In 2009, our engineering teams set out for the migration to microservices. It began with our non-customer facing parts of Netflix, and then later our consumer product. Over the next few years, Netflix would also carve out its edge API, which is where our clients talk through the gateway to upstream microservices. This division between microservices allowed all of our engineering teams to focus on what matters most, what they're good at, and what their workload is. The diagram you're seeing here represents the flow of requests from the client through our gateways to upstream microservices. As requests come in from clients, they pass through our routing and API tiers, and onward up to the services.

Netflix Microservices Explained

I'm going to talk about what a microservice looks like in Netflix. Our microservices are made up of a client library, a persistence layer, and a cache layer. When a request comes in through REST or gRPC, it will use either one of the service client or the cache client to fetch data.
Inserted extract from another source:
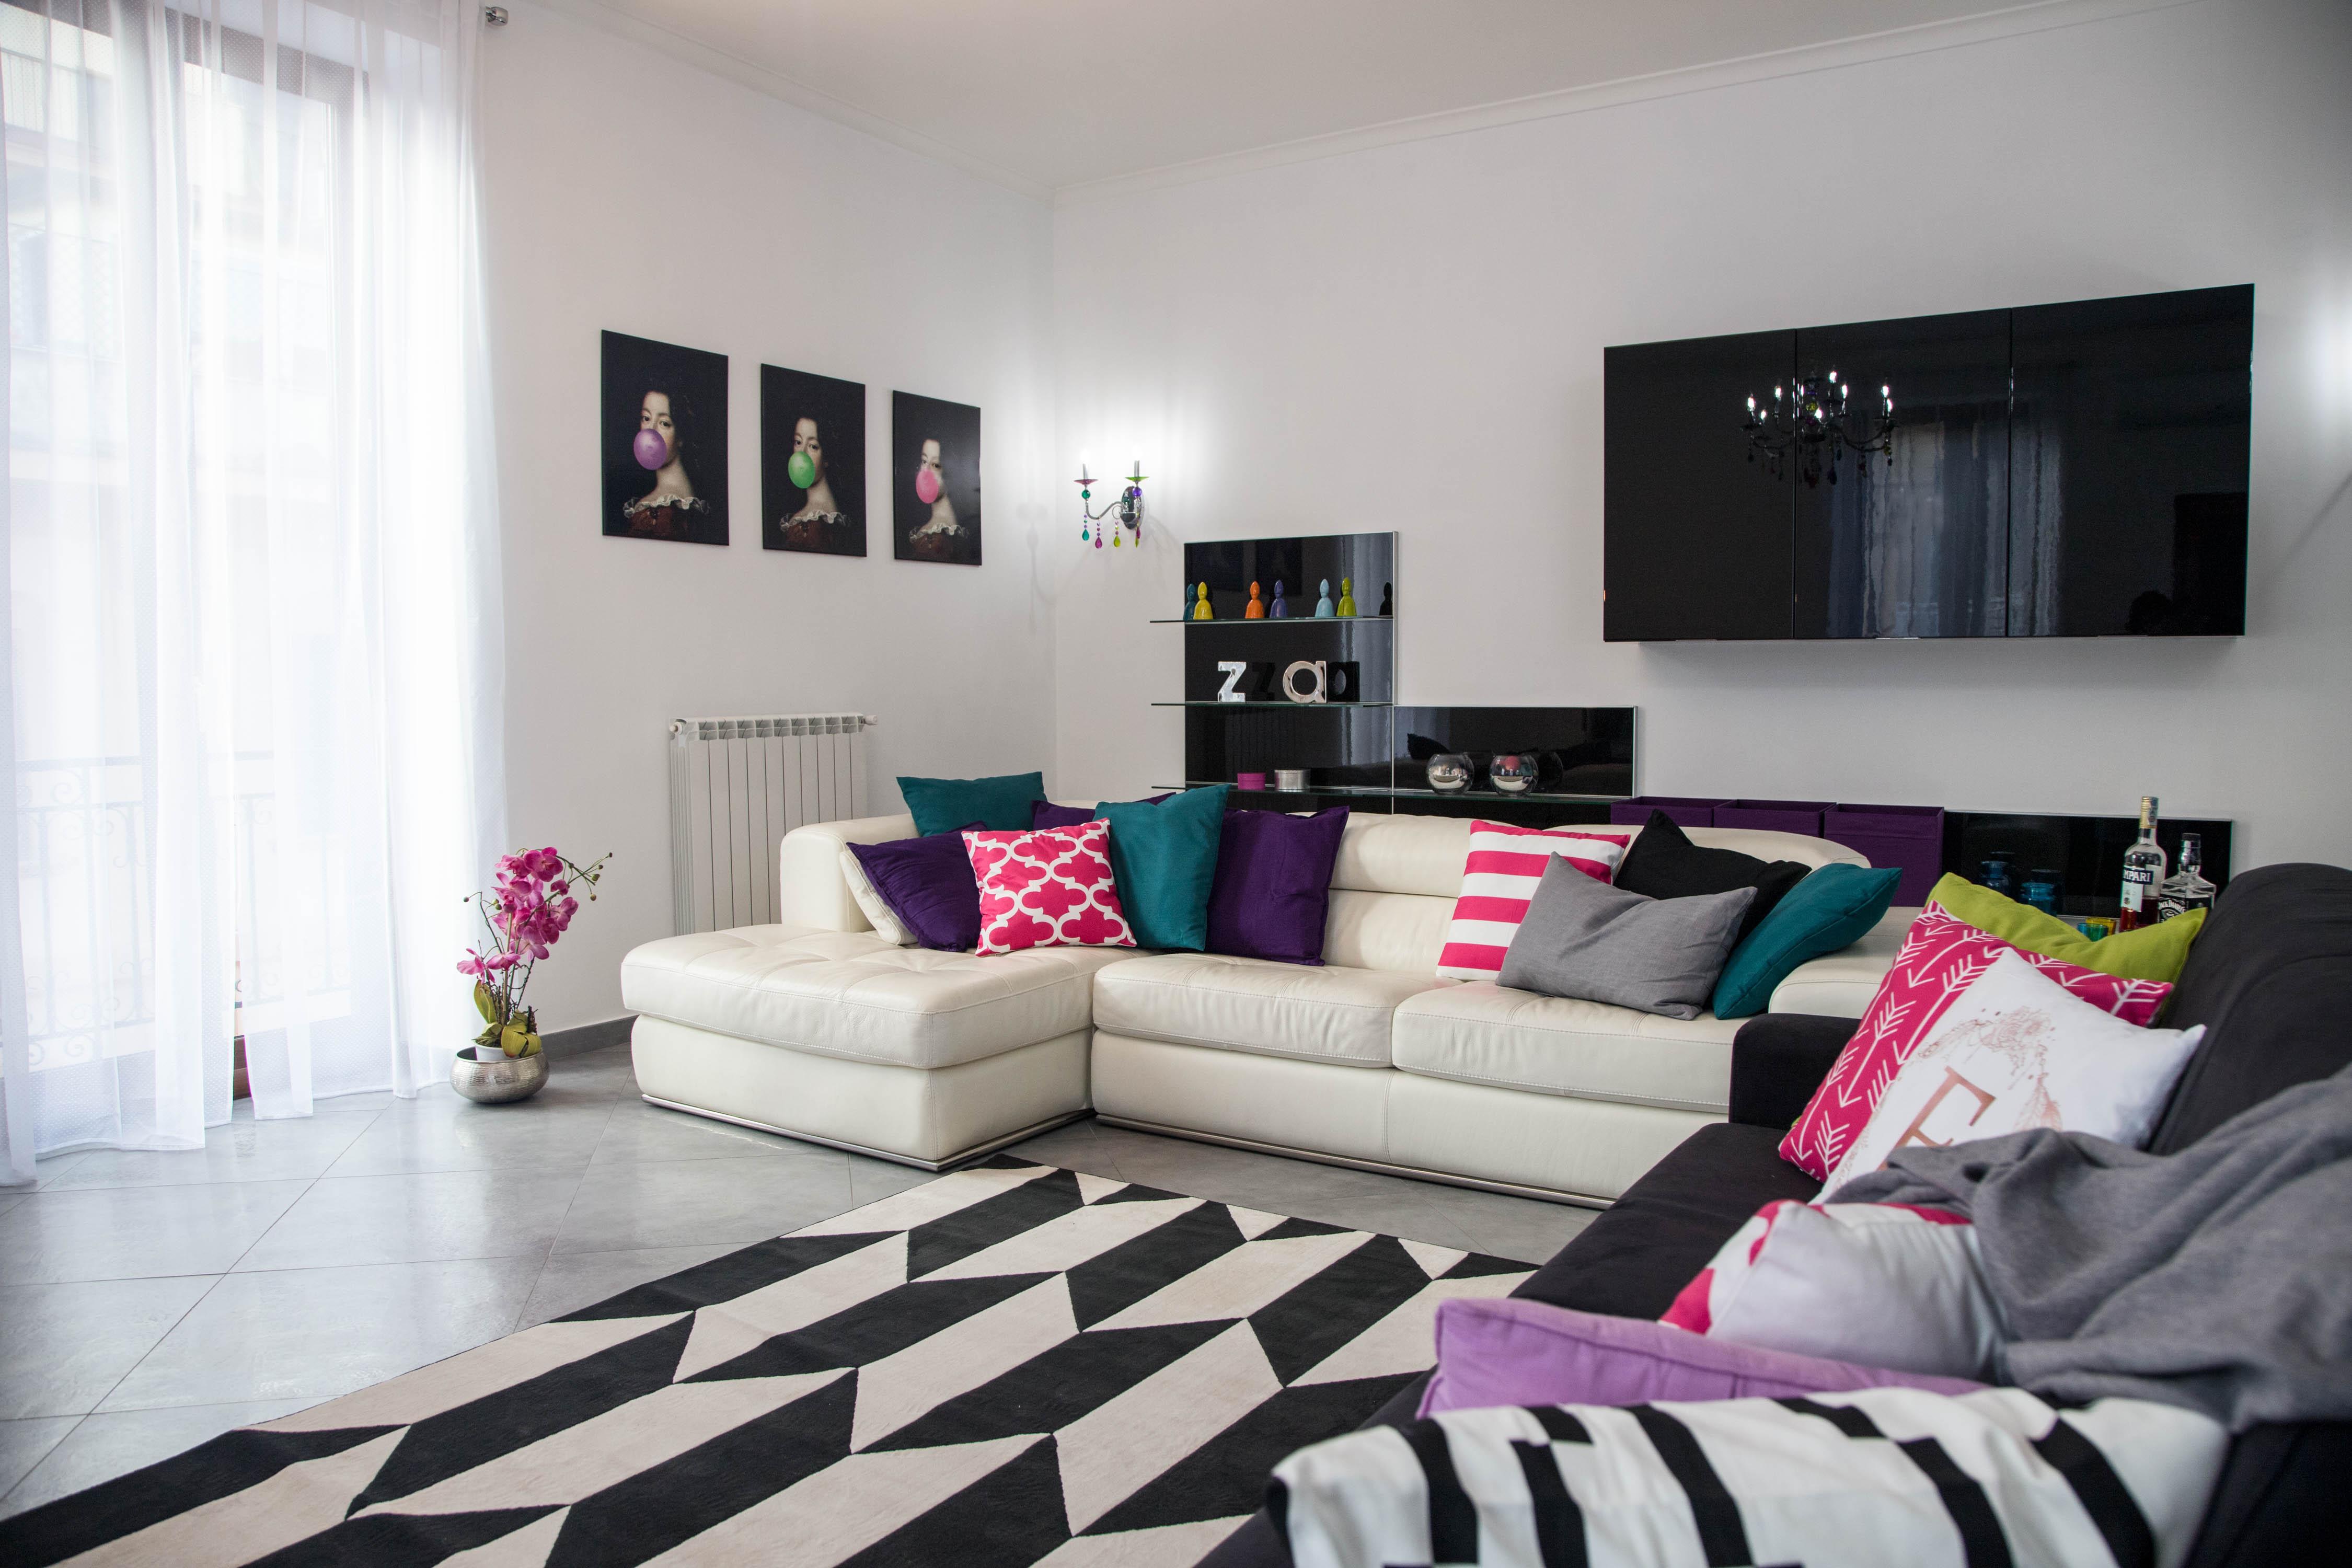 Ferdinando Arthouse - Oversized Modern Apartment photo 20131151

The cache client will pull from one of our EVCache stores, which is a Netflix open source solution for distributed in-memory cache. If the data is found there, then it will return from there. If not, then it will use the service client to pull from a persistence datastore such as MySQL, Cassandra. This combination of cache and persistent layer allows our services to scale to thousands of requests per second. That's a lot.

The Hidden Cost of Simple Assumptions in Microservices

I'm going to tell you a story about the hidden cost of simple assumptions when it comes to a microservice architecture. In 2019, we unveiled a new user experience where visitors coming to netflix.com could watch free content. We wanted them to be able to watch from a limited selection of select shows, right on their mobile device. They would be able to watch from their browser without having to download the Netflix app. Here's the catch, the users would not be asked to log in or sign up for an account. They'd be able to watch free content without even having to provide an email address, or selecting a plan. This was 15 years of Netflix history that we were trying to unravel. We unlocked DRM protected playback for non-members without an account. We enabled playback on mobile web browsers for the first time. We did all of this without having to rebuild our entire microservice architecture.
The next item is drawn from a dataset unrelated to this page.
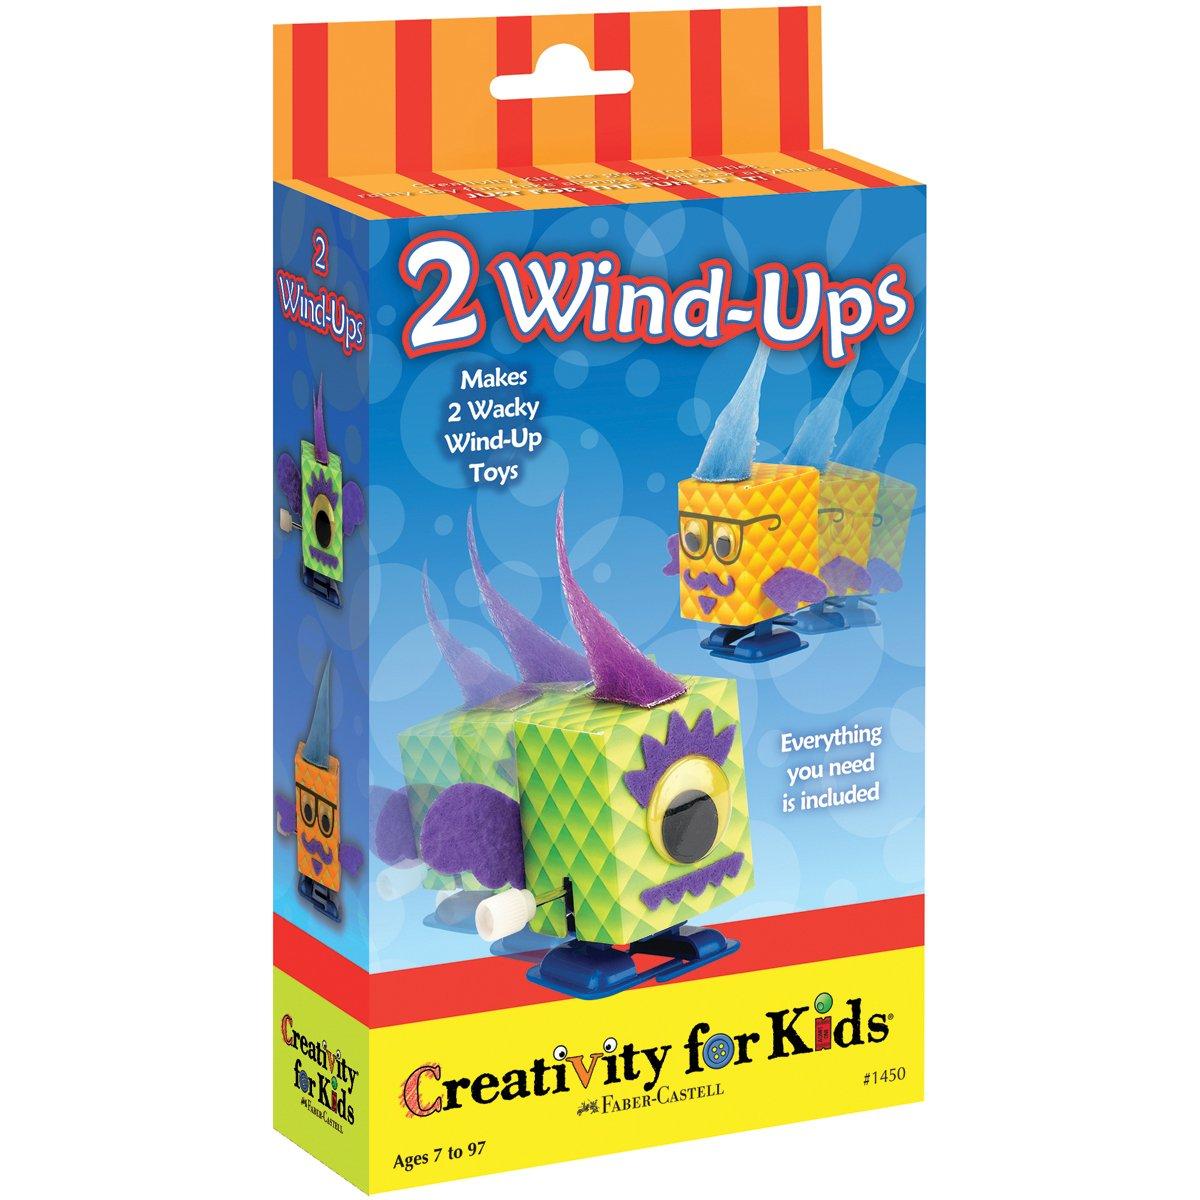 Creativity for Kids CFK1450 - Mini-Bastelset: 2 Aufziehfiguren, Kinder-Bastelset CK-1450

It sounds easy. Just flip a switch and allow non-members the ability to do what our members have been doing for over a decade. On the surface, it sounds like a few lines of code, a piece of cake. We knew going into this project that our backend teams were built around members and subscription plans. We knew we would have to change that, or at least confront it. Before we could do that we needed some answers. We needed to understand how all the pieces fit together. Playback has always been a member feature, and this was the first time that our non-member teams needed that domain knowledge. We knew that this was going to be a significant effort. What we didn't know was the assumptions we were making about the level of effort and the impact that it would have on our backend teams. Lastly, we needed to know which teams to talk to. We needed to know, are we doing the right thing? Who is this going to impact? What I love about Netflix is that our culture embodies this highly aligned, loosely coupled teams that collaborate well together. Our product and engineering teams are amazing at collaboration, because we socialize on what we're trying to do.

Now that we had our answers, it was time to get to work. At a high level, the puzzle pieces looked like this. Our UI and streaming client would talk through the gateway to the play API orchestration layer. To allow non-members, we needed to coordinate with those engineering teams. We partnered with them, and for months, we worked on orchestrating the non-member, getting playback to work. While this isn't everybody who was involved in the project, we worked diligently with our other microservice teams to make this all work.
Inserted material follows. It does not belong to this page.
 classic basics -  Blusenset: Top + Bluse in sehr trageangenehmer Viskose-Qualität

How to Get Around the 'User' Problem

I want to tell you about the biggest challenge that we faced. Many of our services upstream had this built-in assumption that anytime they would be called there would always be a user object. That's because for the longest time, they were only ever called with a user object. These assumptions were prolific, and one of the most challenging for our team to address because we're dealing with non-members and non-members aren't logged in. If they're not logged in, there is no user object. Our team started working together to figure out how to get around this problem. We looked at several options. The first option that we looked at was, could we create a user for every non-member coming to the website? This would prove to be expensive, because we expect high volumes of non-member traffic. It would be wasteful, because the account would only last as long as their browser session. We needed to explore other options.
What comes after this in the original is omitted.